At the eleventh hour, Donald Trump called off planned strikes on three targets that had been planned in response to the downing down a surveillance drone in the Gulf of Oman. Iran said the drone had been spying over its airspace; the US said it was shot down over international waters.
The president, who said he was not looking for war, on Friday explained his decision by citing an assessment that the likely death toll would have been around 150, arguing that this would have been a disproportionate response to the drone’s destruction.
Iran’s foreign ministry responded on Saturday by saying it would not allow any violation of its territorial integrity, pledging to “firmly confront any aggression of threat by America”, according to the semi-official Tasnim news agency.
The prospect of US military action against Iran has raised fears of a sharp response from the Islamic republic and its proxies in Iraq, Lebanon and Yemen, potentially embroiling Israel and the Gulf states in a devastating regional war.
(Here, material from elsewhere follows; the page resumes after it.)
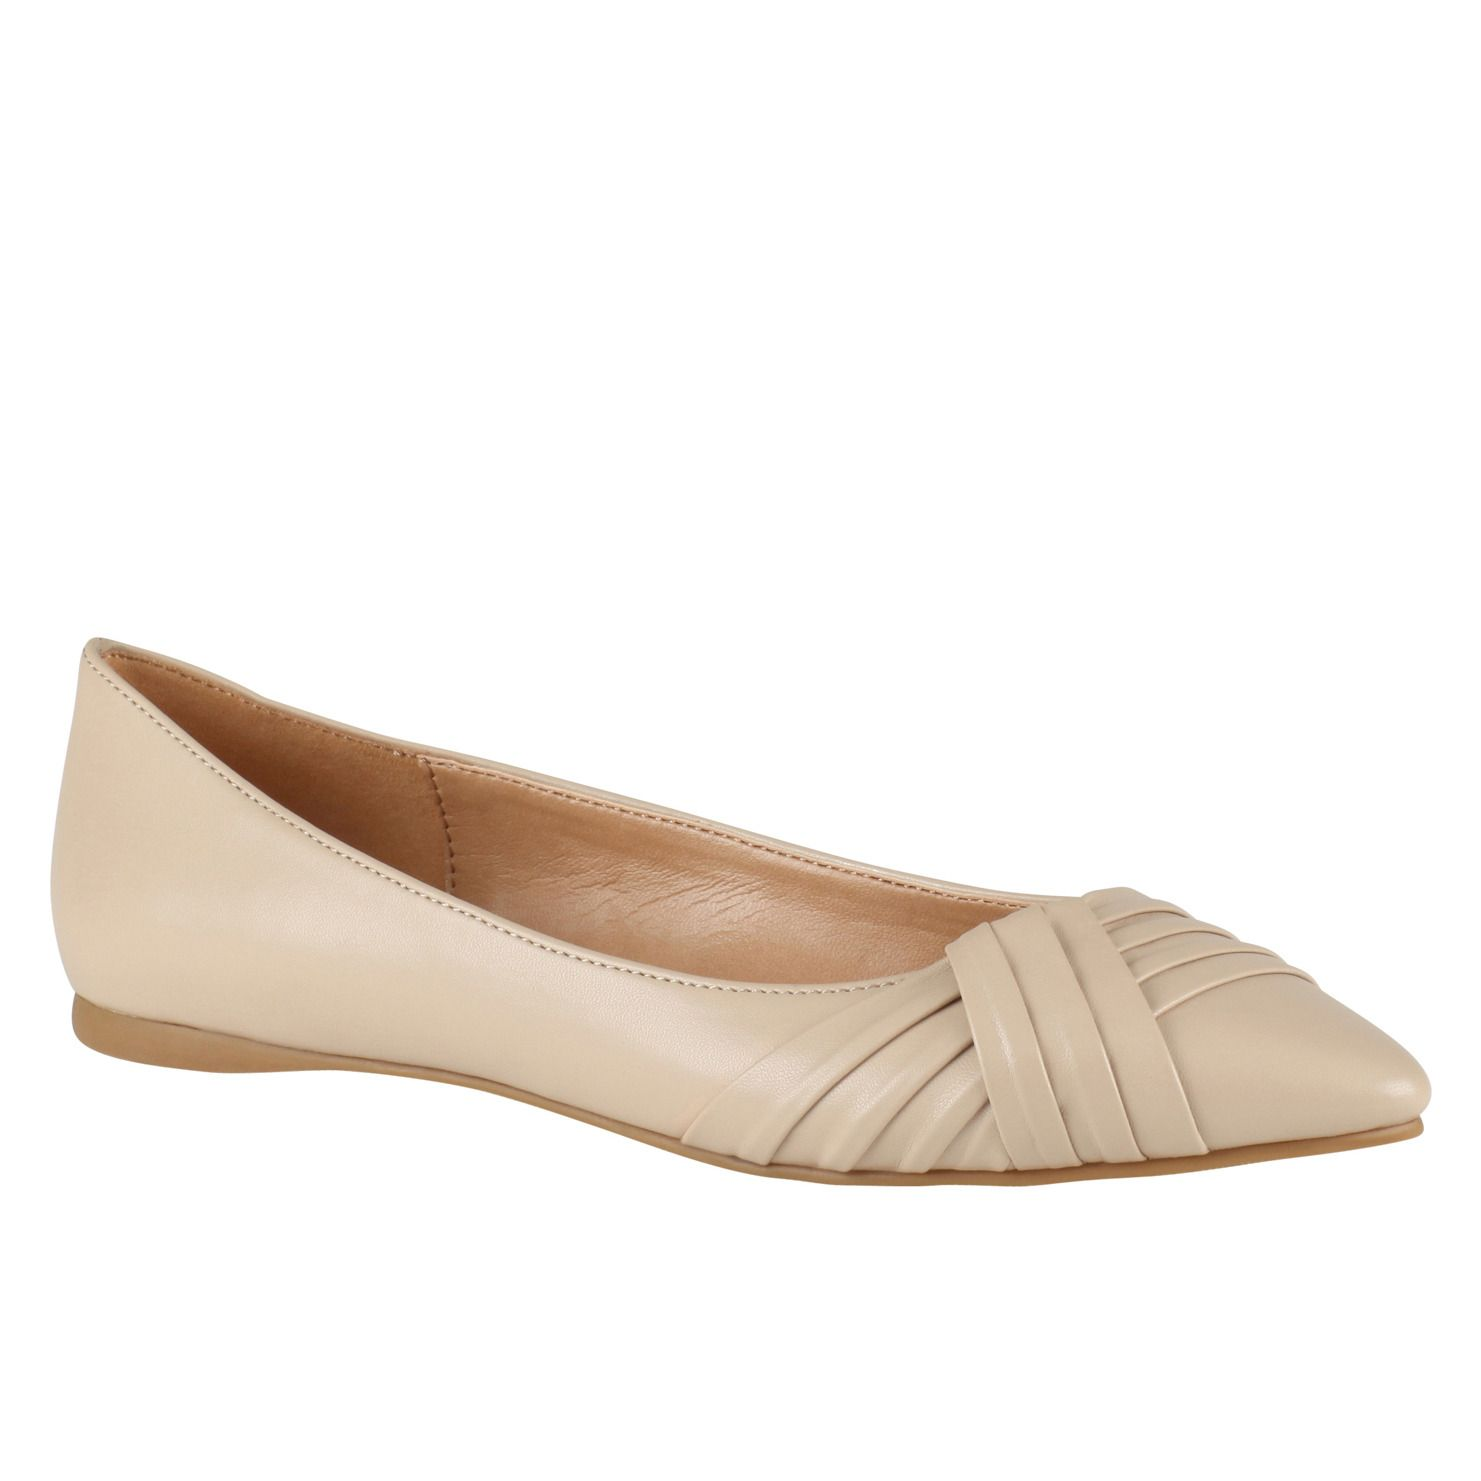 MARTINIK - women's flats shoes for sale at ALDO Shoes.

Saudi Arabia and close ally the United Arab Emirates have welcomed an elevated US military presence in the Gulf and tighter US sanctions on Iranian exports as Riyadh and Abu Dhabi seek to constrain Tehran’s influence across the Arab world.
The drone incident followed attacks on two oil tankers in the Gulf of Oman on June 13, which the US and Saudi Arabia blamed on Iran. Tehran has denied responsibility.
On the other side of the Arabian Peninsula, the Yemeni Houthi militia has escalated the frequency of drone and missile attacks against Saudi infrastructure, including a desalination plant, airport and oil pipeline.
In 2015, Saudi Arabia led a military intervention in Yemen in 2015 aiming to restore the government ousted by the Iran-allied Houthis. The war, now deadlocked, has left more than 90,000 dead in the impoverished Arab state.
The intensification of military activity in the Gulf, including Iran’s use of surface-to-air missiles against US drones, prompted the US Federal Aviation Authority to bar US-airlines from flying in Iranian-controlled airspace in the Strait of Hormuz and Gulf of Oman.
Abu Dhabi’s Etihad on Saturday followed other UAE-based airlines in suspending operations through this corridor.
Etihad said the use of alternative flight paths on a number or routes would cause delays from Abu Dhabi owing to increased congestion and longer journey times.
Dubai’s Emirates airline on Friday said it was rerouting flights away from areas of possible conflict, which has “minimally affected” timings of some flights.
Flydubai, Dubai’s low-cost carrier, also said it had adjusted some flight paths as a precautionary measure.